* Task goal
If a line in the entries below includes "standard", pick it out and copy it.

* Source data
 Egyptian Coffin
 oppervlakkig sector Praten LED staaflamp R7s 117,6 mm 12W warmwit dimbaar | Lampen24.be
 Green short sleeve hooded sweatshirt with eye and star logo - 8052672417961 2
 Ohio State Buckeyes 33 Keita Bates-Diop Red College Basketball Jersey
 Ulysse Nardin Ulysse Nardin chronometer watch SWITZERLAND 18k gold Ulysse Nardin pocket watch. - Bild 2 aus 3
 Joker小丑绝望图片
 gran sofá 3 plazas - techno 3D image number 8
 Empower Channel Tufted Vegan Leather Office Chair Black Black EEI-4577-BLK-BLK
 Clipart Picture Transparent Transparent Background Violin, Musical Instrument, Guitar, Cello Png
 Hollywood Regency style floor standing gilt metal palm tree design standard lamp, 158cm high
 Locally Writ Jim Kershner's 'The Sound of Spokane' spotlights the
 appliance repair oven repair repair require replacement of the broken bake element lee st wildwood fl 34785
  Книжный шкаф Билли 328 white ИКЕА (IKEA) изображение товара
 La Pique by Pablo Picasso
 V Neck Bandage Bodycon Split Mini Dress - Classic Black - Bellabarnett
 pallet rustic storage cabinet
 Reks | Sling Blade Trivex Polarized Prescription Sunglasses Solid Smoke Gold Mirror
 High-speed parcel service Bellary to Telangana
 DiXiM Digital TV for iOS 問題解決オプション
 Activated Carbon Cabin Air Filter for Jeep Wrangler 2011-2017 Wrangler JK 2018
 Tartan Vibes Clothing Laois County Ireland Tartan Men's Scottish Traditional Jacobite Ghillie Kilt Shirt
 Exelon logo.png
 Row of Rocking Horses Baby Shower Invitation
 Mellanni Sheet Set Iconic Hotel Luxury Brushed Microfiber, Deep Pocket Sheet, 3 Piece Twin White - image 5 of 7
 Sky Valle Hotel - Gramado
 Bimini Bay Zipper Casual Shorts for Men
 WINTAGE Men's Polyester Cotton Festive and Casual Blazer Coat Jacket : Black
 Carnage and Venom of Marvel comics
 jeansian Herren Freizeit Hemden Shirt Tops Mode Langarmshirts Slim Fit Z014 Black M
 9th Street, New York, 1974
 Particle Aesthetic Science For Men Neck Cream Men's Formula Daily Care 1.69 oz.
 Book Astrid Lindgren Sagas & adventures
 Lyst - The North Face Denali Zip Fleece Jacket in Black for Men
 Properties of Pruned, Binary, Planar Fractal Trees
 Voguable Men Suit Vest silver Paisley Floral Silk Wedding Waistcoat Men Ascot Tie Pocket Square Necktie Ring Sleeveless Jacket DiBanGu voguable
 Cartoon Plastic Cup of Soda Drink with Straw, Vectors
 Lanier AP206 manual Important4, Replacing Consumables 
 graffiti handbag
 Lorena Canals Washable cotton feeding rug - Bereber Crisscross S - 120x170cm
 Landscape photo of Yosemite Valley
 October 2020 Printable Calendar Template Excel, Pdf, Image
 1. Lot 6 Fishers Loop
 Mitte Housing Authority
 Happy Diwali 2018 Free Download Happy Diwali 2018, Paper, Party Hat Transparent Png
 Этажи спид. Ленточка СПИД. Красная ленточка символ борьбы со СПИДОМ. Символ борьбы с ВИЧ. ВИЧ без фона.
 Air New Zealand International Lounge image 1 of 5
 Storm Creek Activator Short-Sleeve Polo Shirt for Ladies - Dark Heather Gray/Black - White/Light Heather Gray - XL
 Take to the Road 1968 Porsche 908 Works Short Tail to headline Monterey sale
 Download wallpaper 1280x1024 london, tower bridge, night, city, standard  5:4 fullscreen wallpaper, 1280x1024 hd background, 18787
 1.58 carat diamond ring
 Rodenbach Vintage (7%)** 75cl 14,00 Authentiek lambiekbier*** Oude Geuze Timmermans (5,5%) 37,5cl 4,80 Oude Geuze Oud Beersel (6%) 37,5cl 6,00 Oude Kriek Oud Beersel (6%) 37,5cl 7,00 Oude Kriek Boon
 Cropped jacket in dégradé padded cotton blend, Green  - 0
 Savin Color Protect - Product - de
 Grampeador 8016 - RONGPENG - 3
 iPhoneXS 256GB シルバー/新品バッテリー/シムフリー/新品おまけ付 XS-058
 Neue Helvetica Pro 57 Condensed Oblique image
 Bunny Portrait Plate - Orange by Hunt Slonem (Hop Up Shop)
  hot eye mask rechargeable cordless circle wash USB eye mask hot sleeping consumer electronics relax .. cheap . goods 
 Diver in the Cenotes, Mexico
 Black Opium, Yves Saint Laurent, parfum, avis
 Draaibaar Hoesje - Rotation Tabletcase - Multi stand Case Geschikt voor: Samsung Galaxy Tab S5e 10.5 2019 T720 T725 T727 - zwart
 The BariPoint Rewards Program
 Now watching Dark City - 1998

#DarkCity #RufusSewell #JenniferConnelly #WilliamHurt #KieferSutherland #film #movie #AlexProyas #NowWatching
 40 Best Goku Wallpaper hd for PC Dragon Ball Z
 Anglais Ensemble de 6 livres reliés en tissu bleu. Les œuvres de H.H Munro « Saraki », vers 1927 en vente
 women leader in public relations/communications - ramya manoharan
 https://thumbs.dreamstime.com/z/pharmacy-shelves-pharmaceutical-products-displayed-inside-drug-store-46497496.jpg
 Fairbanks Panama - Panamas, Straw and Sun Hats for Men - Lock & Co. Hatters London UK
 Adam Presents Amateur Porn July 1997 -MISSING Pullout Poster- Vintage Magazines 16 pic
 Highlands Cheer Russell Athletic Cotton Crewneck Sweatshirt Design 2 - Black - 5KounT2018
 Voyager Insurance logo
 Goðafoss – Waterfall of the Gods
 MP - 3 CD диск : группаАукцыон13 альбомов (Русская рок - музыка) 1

* Result
 Hollywood Regency style floor standing gilt metal palm tree design standard lamp, 158cm high
 Download wallpaper 1280x1024 london, tower bridge, night, city, standard  5:4 fullscreen wallpaper, 1280x1024 hd background, 18787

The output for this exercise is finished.